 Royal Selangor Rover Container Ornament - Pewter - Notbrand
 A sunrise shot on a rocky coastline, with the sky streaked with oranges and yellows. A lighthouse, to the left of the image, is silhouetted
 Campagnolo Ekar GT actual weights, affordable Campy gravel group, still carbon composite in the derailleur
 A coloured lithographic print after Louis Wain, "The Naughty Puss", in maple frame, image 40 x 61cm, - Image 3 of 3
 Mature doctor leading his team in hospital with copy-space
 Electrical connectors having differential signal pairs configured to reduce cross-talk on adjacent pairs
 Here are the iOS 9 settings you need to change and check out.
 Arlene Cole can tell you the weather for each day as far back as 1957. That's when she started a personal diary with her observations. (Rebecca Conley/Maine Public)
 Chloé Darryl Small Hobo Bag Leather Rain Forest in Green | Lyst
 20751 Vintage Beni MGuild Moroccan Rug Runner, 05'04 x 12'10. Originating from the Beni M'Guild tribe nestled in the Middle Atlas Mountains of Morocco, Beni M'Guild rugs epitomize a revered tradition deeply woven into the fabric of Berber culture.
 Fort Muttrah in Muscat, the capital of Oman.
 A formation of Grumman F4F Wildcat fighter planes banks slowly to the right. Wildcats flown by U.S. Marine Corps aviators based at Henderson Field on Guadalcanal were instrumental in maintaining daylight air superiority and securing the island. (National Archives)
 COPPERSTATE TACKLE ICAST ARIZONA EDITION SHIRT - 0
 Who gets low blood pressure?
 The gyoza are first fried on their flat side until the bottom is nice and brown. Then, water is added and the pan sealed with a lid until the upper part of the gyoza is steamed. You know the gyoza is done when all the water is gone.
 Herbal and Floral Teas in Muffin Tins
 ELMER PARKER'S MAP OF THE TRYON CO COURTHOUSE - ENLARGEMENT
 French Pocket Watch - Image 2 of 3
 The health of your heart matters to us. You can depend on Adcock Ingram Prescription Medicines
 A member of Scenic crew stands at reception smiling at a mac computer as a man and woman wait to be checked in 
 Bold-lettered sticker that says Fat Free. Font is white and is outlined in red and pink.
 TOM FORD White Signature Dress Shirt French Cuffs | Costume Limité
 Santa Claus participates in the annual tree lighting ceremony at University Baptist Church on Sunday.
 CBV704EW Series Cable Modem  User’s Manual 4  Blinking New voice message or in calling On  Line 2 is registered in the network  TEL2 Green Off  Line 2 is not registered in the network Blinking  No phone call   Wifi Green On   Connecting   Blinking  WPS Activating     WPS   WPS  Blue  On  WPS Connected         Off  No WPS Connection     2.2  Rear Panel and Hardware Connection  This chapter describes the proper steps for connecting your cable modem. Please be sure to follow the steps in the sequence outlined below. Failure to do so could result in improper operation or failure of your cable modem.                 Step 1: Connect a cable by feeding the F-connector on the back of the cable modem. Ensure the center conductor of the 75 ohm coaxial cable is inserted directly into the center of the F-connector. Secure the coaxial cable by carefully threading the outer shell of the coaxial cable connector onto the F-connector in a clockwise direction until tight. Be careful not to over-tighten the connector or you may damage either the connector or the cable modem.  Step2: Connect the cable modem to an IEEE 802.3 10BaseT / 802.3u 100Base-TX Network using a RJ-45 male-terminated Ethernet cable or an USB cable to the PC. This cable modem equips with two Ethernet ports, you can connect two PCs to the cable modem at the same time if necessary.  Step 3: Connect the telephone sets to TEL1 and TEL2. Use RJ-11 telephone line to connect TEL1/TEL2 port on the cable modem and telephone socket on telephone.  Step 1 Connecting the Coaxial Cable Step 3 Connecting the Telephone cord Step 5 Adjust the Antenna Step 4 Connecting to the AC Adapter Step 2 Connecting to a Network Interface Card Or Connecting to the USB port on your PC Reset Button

### AIM OF THE TASK
Could you write out the full data verbatim?

### EXERCISE ANSWER
 Royal Selangor Rover Container Ornament - Pewter - Notbrand
 A sunrise shot on a rocky coastline, with the sky streaked with oranges and yellows. A lighthouse, to the left of the image, is silhouetted
 Campagnolo Ekar GT actual weights, affordable Campy gravel group, still carbon composite in the derailleur
 A coloured lithographic print after Louis Wain, "The Naughty Puss", in maple frame, image 40 x 61cm, - Image 3 of 3
 Mature doctor leading his team in hospital with copy-space
 Electrical connectors having differential signal pairs configured to reduce cross-talk on adjacent pairs
 Here are the iOS 9 settings you need to change and check out.
 Arlene Cole can tell you the weather for each day as far back as 1957. That's when she started a personal diary with her observations. (Rebecca Conley/Maine Public)
 Chloé Darryl Small Hobo Bag Leather Rain Forest in Green | Lyst
 20751 Vintage Beni MGuild Moroccan Rug Runner, 05'04 x 12'10. Originating from the Beni M'Guild tribe nestled in the Middle Atlas Mountains of Morocco, Beni M'Guild rugs epitomize a revered tradition deeply woven into the fabric of Berber culture.
 Fort Muttrah in Muscat, the capital of Oman.
 A formation of Grumman F4F Wildcat fighter planes banks slowly to the right. Wildcats flown by U.S. Marine Corps aviators based at Henderson Field on Guadalcanal were instrumental in maintaining daylight air superiority and securing the island. (National Archives)
 COPPERSTATE TACKLE ICAST ARIZONA EDITION SHIRT - 0
 Who gets low blood pressure?
 The gyoza are first fried on their flat side until the bottom is nice and brown. Then, water is added and the pan sealed with a lid until the upper part of the gyoza is steamed. You know the gyoza is done when all the water is gone.
 Herbal and Floral Teas in Muffin Tins
 ELMER PARKER'S MAP OF THE TRYON CO COURTHOUSE - ENLARGEMENT
 French Pocket Watch - Image 2 of 3
 The health of your heart matters to us. You can depend on Adcock Ingram Prescription Medicines
 A member of Scenic crew stands at reception smiling at a mac computer as a man and woman wait to be checked in 
 Bold-lettered sticker that says Fat Free. Font is white and is outlined in red and pink.
 TOM FORD White Signature Dress Shirt French Cuffs | Costume Limité
 Santa Claus participates in the annual tree lighting ceremony at University Baptist Church on Sunday.
 CBV704EW Series Cable Modem  User’s Manual 4  Blinking New voice message or in calling On  Line 2 is registered in the network  TEL2 Green Off  Line 2 is not registered in the network Blinking  No phone call   Wifi Green On   Connecting   Blinking  WPS Activating     WPS   WPS  Blue  On  WPS Connected         Off  No WPS Connection     2.2  Rear Panel and Hardware Connection  This chapter describes the proper steps for connecting your cable modem. Please be sure to follow the steps in the sequence outlined below. Failure to do so could result in improper operation or failure of your cable modem.                 Step 1: Connect a cable by feeding the F-connector on the back of the cable modem. Ensure the center conductor of the 75 ohm coaxial cable is inserted directly into the center of the F-connector. Secure the coaxial cable by carefully threading the outer shell of the coaxial cable connector onto the F-connector in a clockwise direction until tight. Be careful not to over-tighten the connector or you may damage either the connector or the cable modem.  Step2: Connect the cable modem to an IEEE 802.3 10BaseT / 802.3u 100Base-TX Network using a RJ-45 male-terminated Ethernet cable or an USB cable to the PC. This cable modem equips with two Ethernet ports, you can connect two PCs to the cable modem at the same time if necessary.  Step 3: Connect the telephone sets to TEL1 and TEL2. Use RJ-11 telephone line to connect TEL1/TEL2 port on the cable modem and telephone socket on telephone.  Step 1 Connecting the Coaxial Cable Step 3 Connecting the Telephone cord Step 5 Adjust the Antenna Step 4 Connecting to the AC Adapter Step 2 Connecting to a Network Interface Card Or Connecting to the USB port on your PC Reset Button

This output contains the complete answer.